Da Avvenire del 25/06/2024
Un’attesa durata più di quarant’anni, dodici dei quali trascorsi anche in carcere. Nella provincia cinese dello Yunnan, tanto dovette aspettare padre Giacomo Huang Guirong prima di poter essere finalmente ordinato sacerdote nel 1995. Il suo volto e la sua storia sono riaffiorati in questi giorni in occasione della morte di questo prete, avvenuta all’età di 93 anni. Testimonianza di quella fedeltà che ha tenuto vivo il cattolicesimo in Cina anche negli anni più bui della persecuzione comunista.
Si parla molto in queste settimane della Chiesa in Cina e delle sue prospettive. L’occasione è un importante anniversario che si sta celebrando: quello del Concilio di Shanghai, il primo (e finora unico) Concilio della Chiesa cinese, che nel 1924 sotto la guida profetica dell’allora delegato apostolico, monsignor Celso Costantini – indicò la strada di un’evangelizzazione libera dalle ambiguità dei protettorati coloniali, partendo proprio dall’idea della valorizzazione del clero cinese e della cultura locale. Dopo un importante convegno tenutosi alla Pontificia Università Urbaniana in maggio – nel corso del quale anche papa Francesco ha voluto inviare un suo messaggio – nei prossimi giorni sull’eredità del Concilio di Shanghai si rifletterà anche in Cina, a Macao, in un altro simposio promosso dalla locale Università di San Giuseppe.
Figure come quella di padre Huang Guirong aiutano a non perdere di vista il contesto di questa riflessione, che – pur riconoscendo le ombre dei nazionalismi di ieri – non può prescindere da quanto accadde dopo. Cioè dal martirio e dalla testimonianza forzatamente nascosta offerta da migliaia di cattolici in Cina nella seconda metà del Novecento.
Come padre Huang, appunto: era un seminarista adolescente quando nel 1949 arrivarono i comunisti a Kunming; lo mandarono a lavorare come operaio in un’officina per le automobili. Ma il suo impegno nell’apostolato non doveva essere diminuito, se nel 1966 – quando in Cina si scatenò la nuova tempesta della Rivoluzione culturale – fu tra i primi a finire in carcere. Uscì solo nel 1978 per essere rimandato di nuovo a lavorare. E nello Yunnan raccontano che a metà degli anni Ottanta, ai tempi delle prime “aperture” del regime comunista, lui ricominciò subito a parlare del Vangelo dalla sua falegnameria. Dopo aver custodito per tanti anni il seme della sua vocazione, poi, il 4 giugno 1995 nella cattedrale di Zhaotong, poté finalmente essere ordinato per mano del vescovo monsignor Matteo Chen Muchen, allora 92enne. E in questi quasi trent’anni ha svolto il suo ministero in un’estrema periferia della Cina, rispettato da tutti pur in un contesto difficile segnato anche nello Yunnan dalle prove di forza dell’Associazione patriottica, l’organismo cattolico “ufficiale” controllato dal Partito.
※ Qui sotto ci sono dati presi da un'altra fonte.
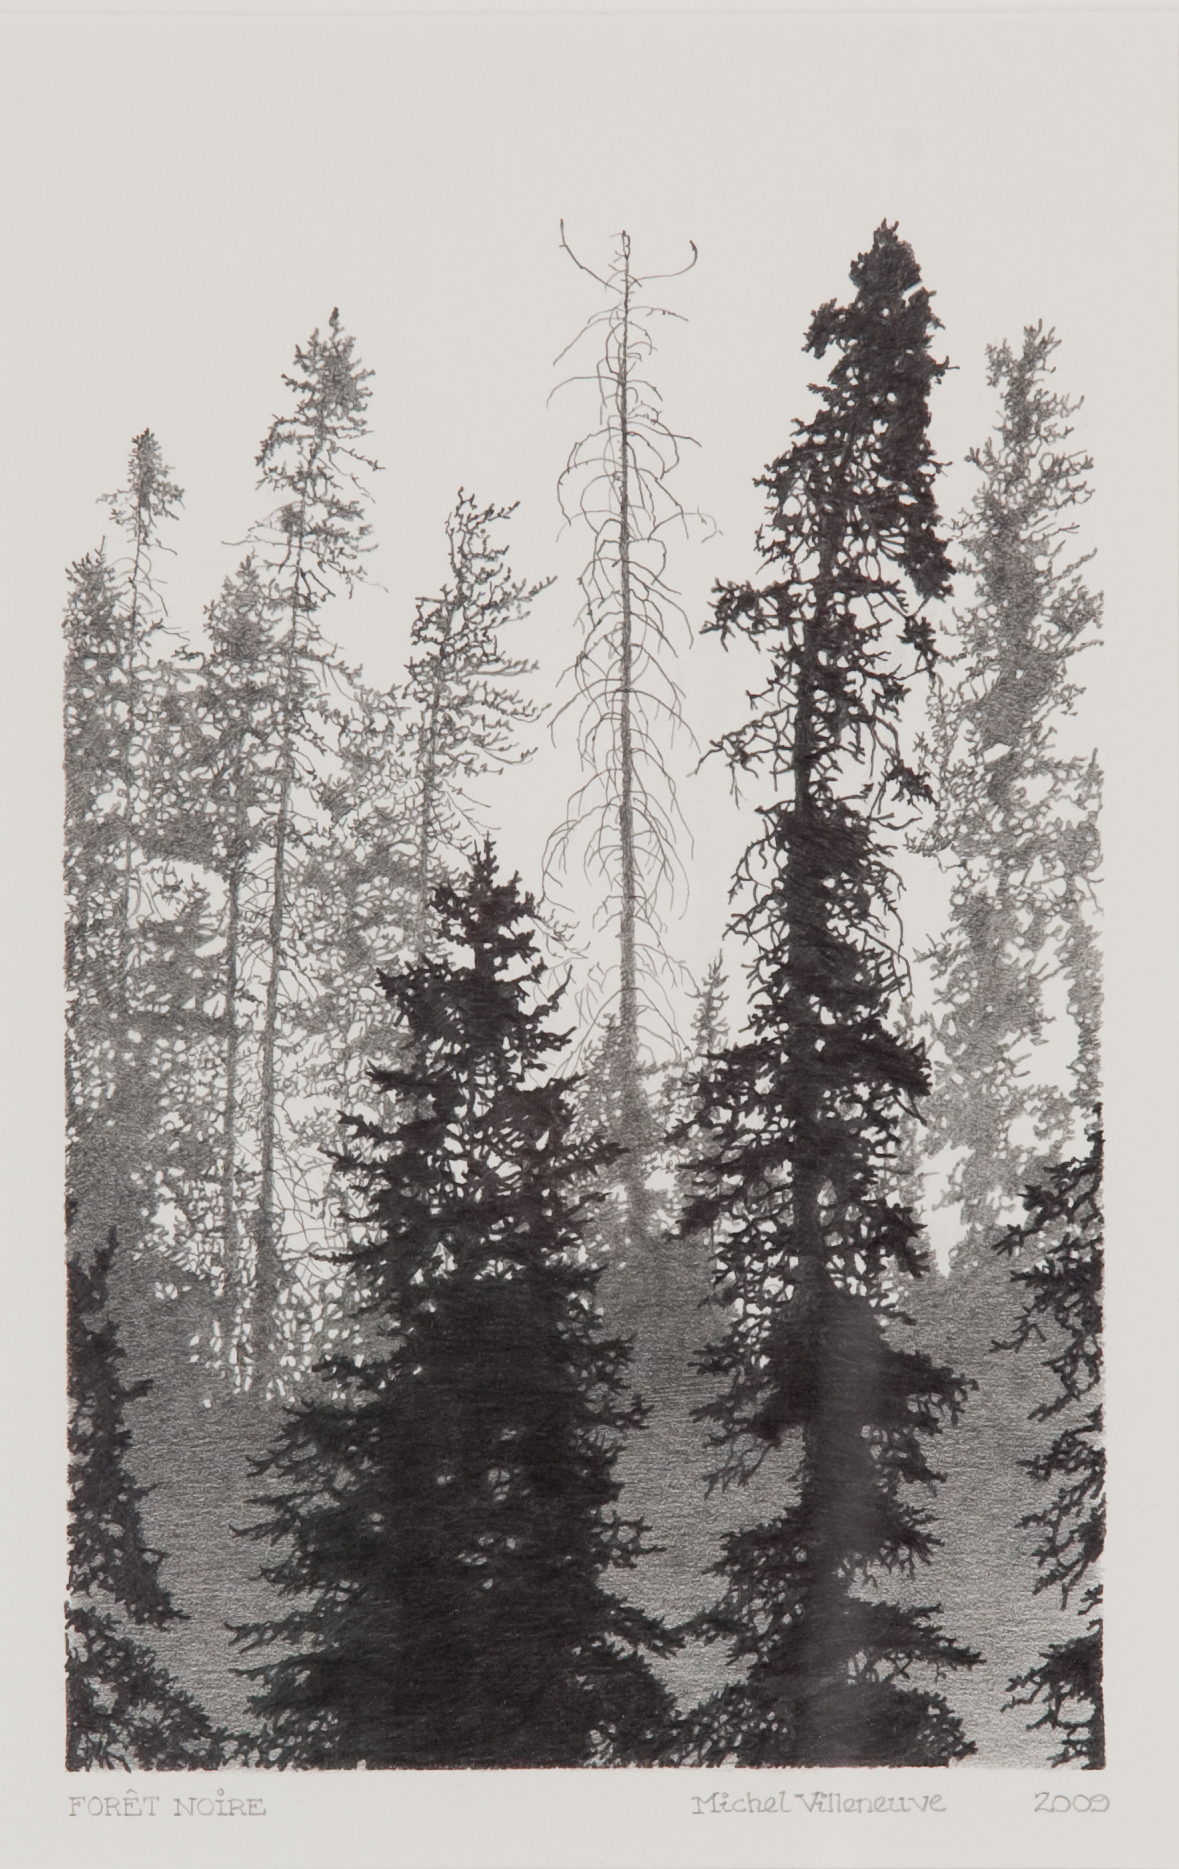 Dessin noir et blanc représentant deux conifères en avant-plan, devant une forêt de conifères en arrière-plan.

La storia di padre Huang riassume in qualche modo tutte quelle di una generazione eroica, che per evidenti motivi anagrafici va ormai scomparendo in Cina. Sacerdoti, ma anche suore che negli anni Cinquanta furono forzatamente rimandati a casa con la chiusura dei conventi fondati dai “missionari stranieri”. Anche loro custodirono intatta la propria vocazione per decenni. E quando dalla fine degli anni Ottanta fu di nuovo possibile, tra mille equilibrismi e con il sostegno di qualche vescovo “ufficiale”, hanno ridato vita alle proprie comunità, aggregando intorno a sé ragazze di trenta o quarant’anni più giovani.
Hanno tenuto viva la fede nella tempesta, al di là di ogni ideologia. E anche nella Cina di oggi continuano a mostrare che non gli slogan politici, ma la fedeltà di un cuore libero sono l’unica via possibile per il Vangelo.